Глеб шел в суд, как на казнь. Ему казалось, что там, в суде, о нем знают все и даже его мысли и что он, конечно же, преступник. Самым страшным представлялся момент объявления приговора.
В судах Глеб никогда не был. Поэтому воображение рисовало ему самые невероятные картины, и судьи выглядели не лучше разъяренных   волков.
Несколько дней назад Глеб получил уведомление о заседании суда по поводу невыплаченных кредитов. Истцом выступал банк «Гарант», где эти кредиты и взял в свое время Глеб  Корнилов.
Печерский суд считался судом элитным. Он находился в центральном районе, где жило большинство так называемой элиты, о нем ходили слухи, что тут можно заказать любое дело, были бы деньги.
Естественно, Глеб не мог выиграть у банка, у которого были деньги. Он ничего не мог противопоставить, разве что общую проблему с удорожанием доллара и вдвое подскочившей цены кредита. В договоре ничего об этом сказано не было. Перед этим Глеб переговорил со своим юристом  и тот посоветовал строго держаться пунктов договора.
Глеб внимательно проштудировал договор, там действительно ни строчки не было сказано о таких обстоятельствах, в которых очутился заемщик Глеб Корнилов. Еще юрист дал совет как можно подробнее обсуждать каждый пункт  требований банка.
-Банки практически все коррумпированные. И как только ты найдешь их болевую точку, они тут же пойдут на уступки.
Глеб с волнением переступил порог суда, прошел через охранную рамку, вежливо поздоровался с милиционером, будто от него зависел исход дела, и поднялся на второй этаж. В узких коридорах сидели люди, как на вокзале, но выражения лиц у них были, как у посетителей стоматологических кабинетов. Некоторые женщины натужно сморкались. Глеб зашел в тесную приемную.
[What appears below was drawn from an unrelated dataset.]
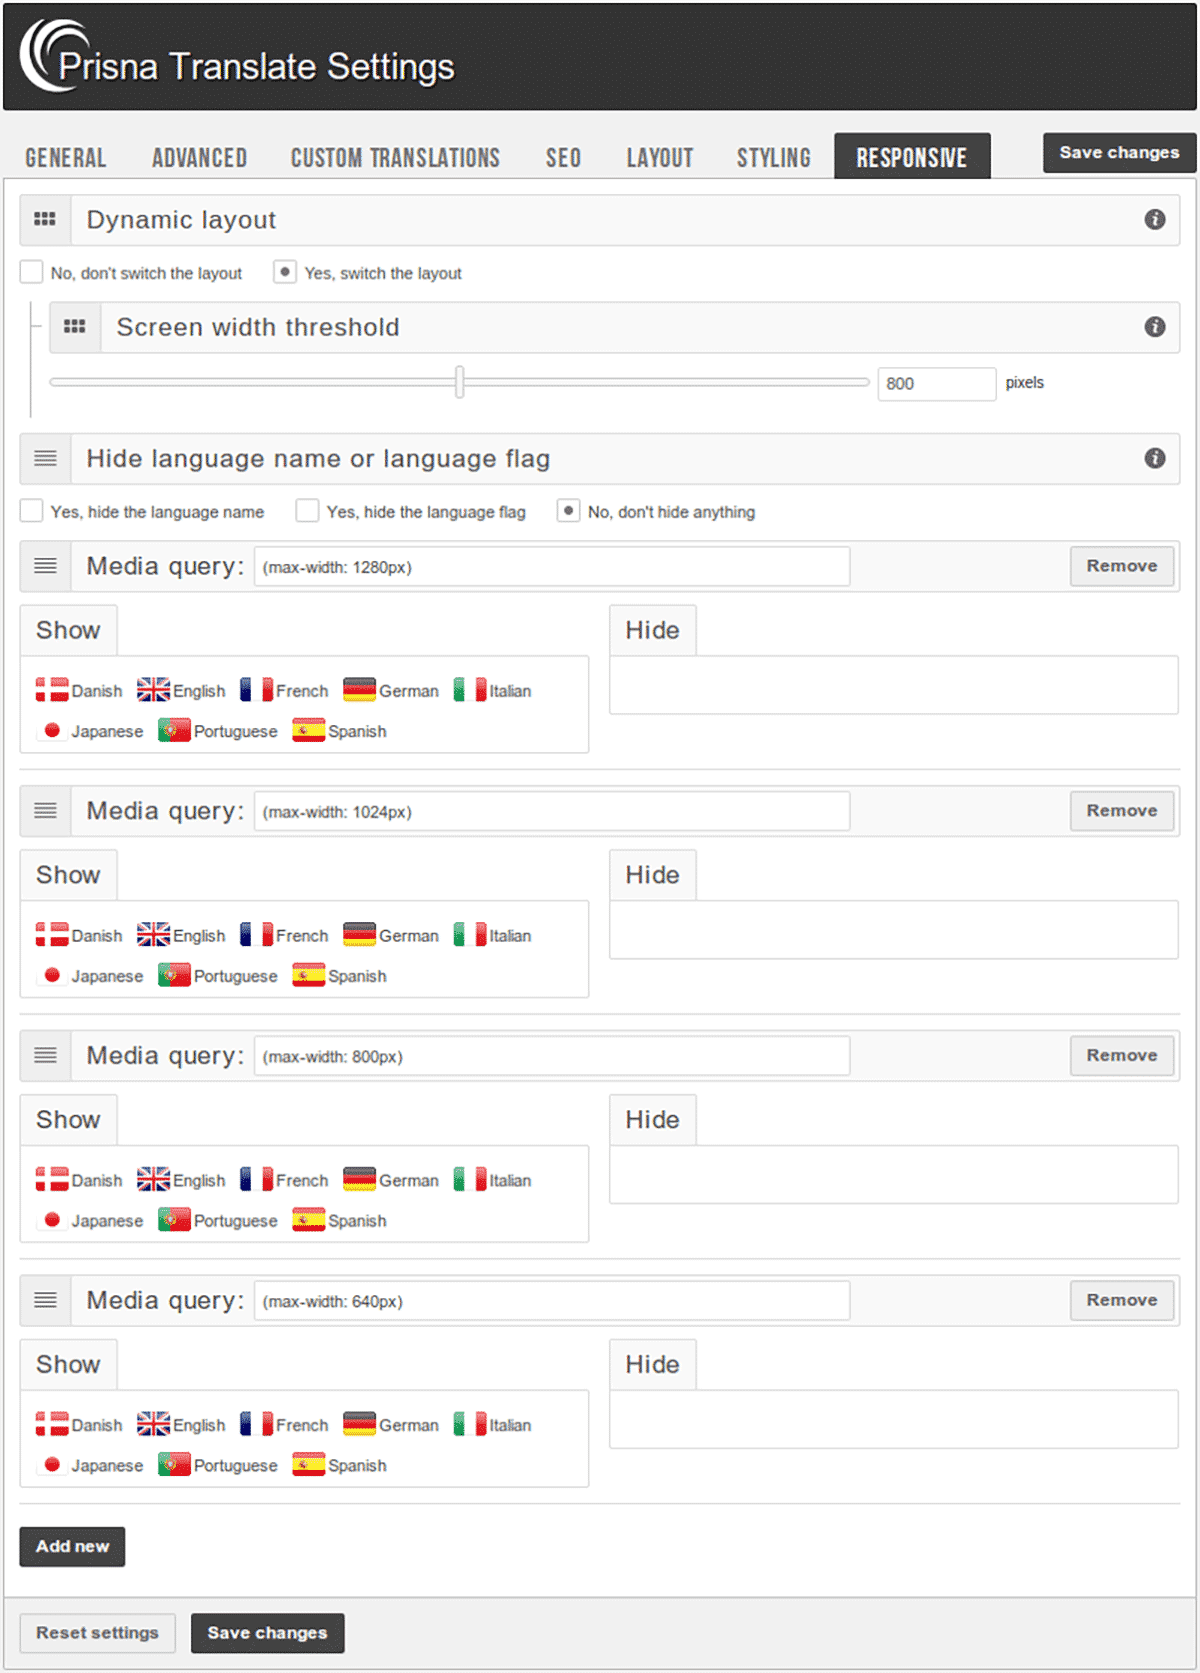 Responsive Settings in Google Website Translator

За двумя столами, по всей видимости, еще советского производства, сидели две девицы, одетые,  как их уличные сверснцы, в джинсы и коротенькие блузочки. Девицы неторопливо сплетничали о каком-то Игоре, который  не приехал вчера на вечеринку.
Глеб со своим ростом навис над  увлекшимися беседой, но не произвел на них никакого впечатления.
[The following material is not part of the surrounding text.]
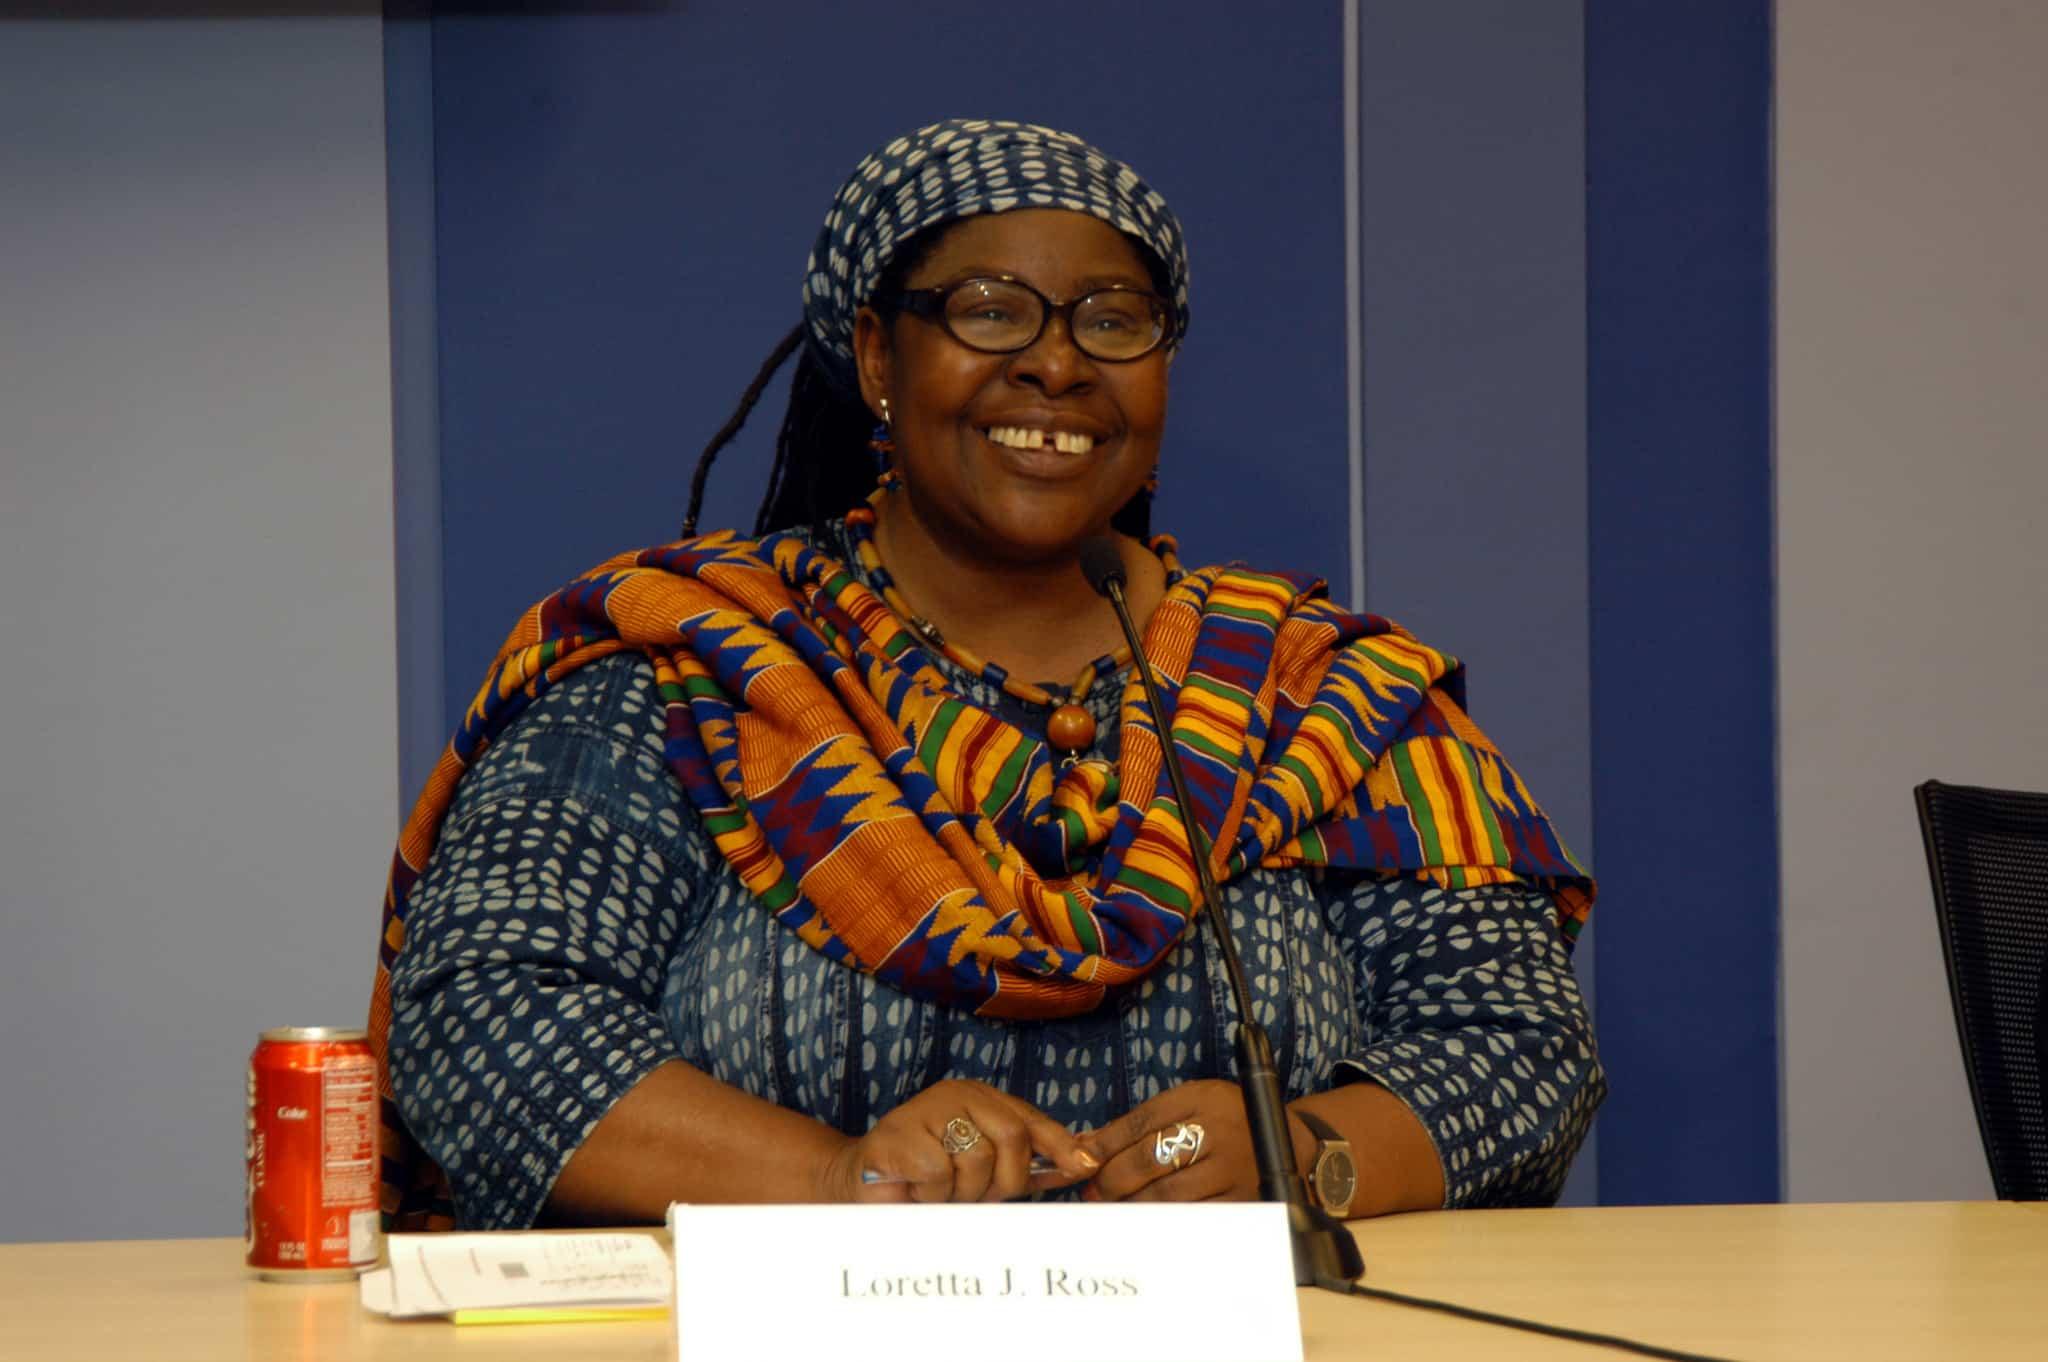 Loretta J. Ross, Feministin, Hochschullehrerin, Aktivistin und Mitgründerin von Sister Song (Bild: Center for American Progress, Flickr)

Наконец  одна из них с ярко накрашенными глазами и губами повернула к нему лицо.
-Что вам, гражданин?
-Я по повестке.
Глеб протянул повестку. Девица издали заглянула в нее, словно брезговала взять бумагу из рук преступника и кивнула на дверь, в которую только что вошел Глеб.
-15 комната,  зал судебных заседаний.
Глеб  чувствовал себя преступником и смотрел на людей, жавшихся на своих узких стульях, как осужденный. Глеб вдруг вспомнил Марека и подумал: если бы Муйский написал картину  “В ожидании приговора”, на которой были бы изображены вот эти унылые люди, смог бы такой сюжет  заинтересовать великого сыщика энергетик? Вряд ли.
Глеб открыл дверь и вошел в небольшой зал. На подиуме, как на сцене, стояли на столе два компьютера, за которыми сидели девицы, точь в точь похожие на тех, которых видел Глеб только что в приемной.
Одна из них кинула быстрый взгляд на Глеба и снова углубилась в экран монитора.
В партере стояли три  стола, каждый с тремя стульями.
За центральным сидела женщина-мышка, которая, как понял Глеб, и представляла страшный банк «Гарант».
Мышка оторвалась от бумаг и оценивающим взглядом окинула Глеба с ног до головы, словно подсчитывая, сколько можно выручить отдельно за ноги, руки, туловище и голову.
Глеб непроизвольно поклонился мышке, та приветливо кивнула ему в ответ.
У Глеба, кроме повестки и договора, не было никаких бумаг и огромное их количество у мышки насторожило его. Ему казалось, что в каждой из этих бумаг расписаны  все его преступления за проведенную им на земле жизнь.
Мышка исподлобья  с улыбкой посмотрела на Глеба и пожала плечами: мол не я виновата, что вас сейчас будут казнить.
Вошел мужик в длинной мантии. Он косолапо взобрался на подиум, крякнул от напряжения,   повернул к залу свое заросшее опухшее лицо. Вид у судьи был настолько неопрятным, что Глебу сразу стало легче. И даже огромное количество бумаг  у мышки не так уже беспокоило.
Девица, которая была погружена в компьютер, встала и писклявым голосом сообщила, что заседание по поводу невыплаты кредита заемщиком Глебом Олеговичем Корниловым банку «Гарант» открыто.
Потом долго и нудно судья читал вводную часть, в которой сообщал об основных правах и  законах по выдаче кредитов и погашения их и  наконец предоставил слово истцу.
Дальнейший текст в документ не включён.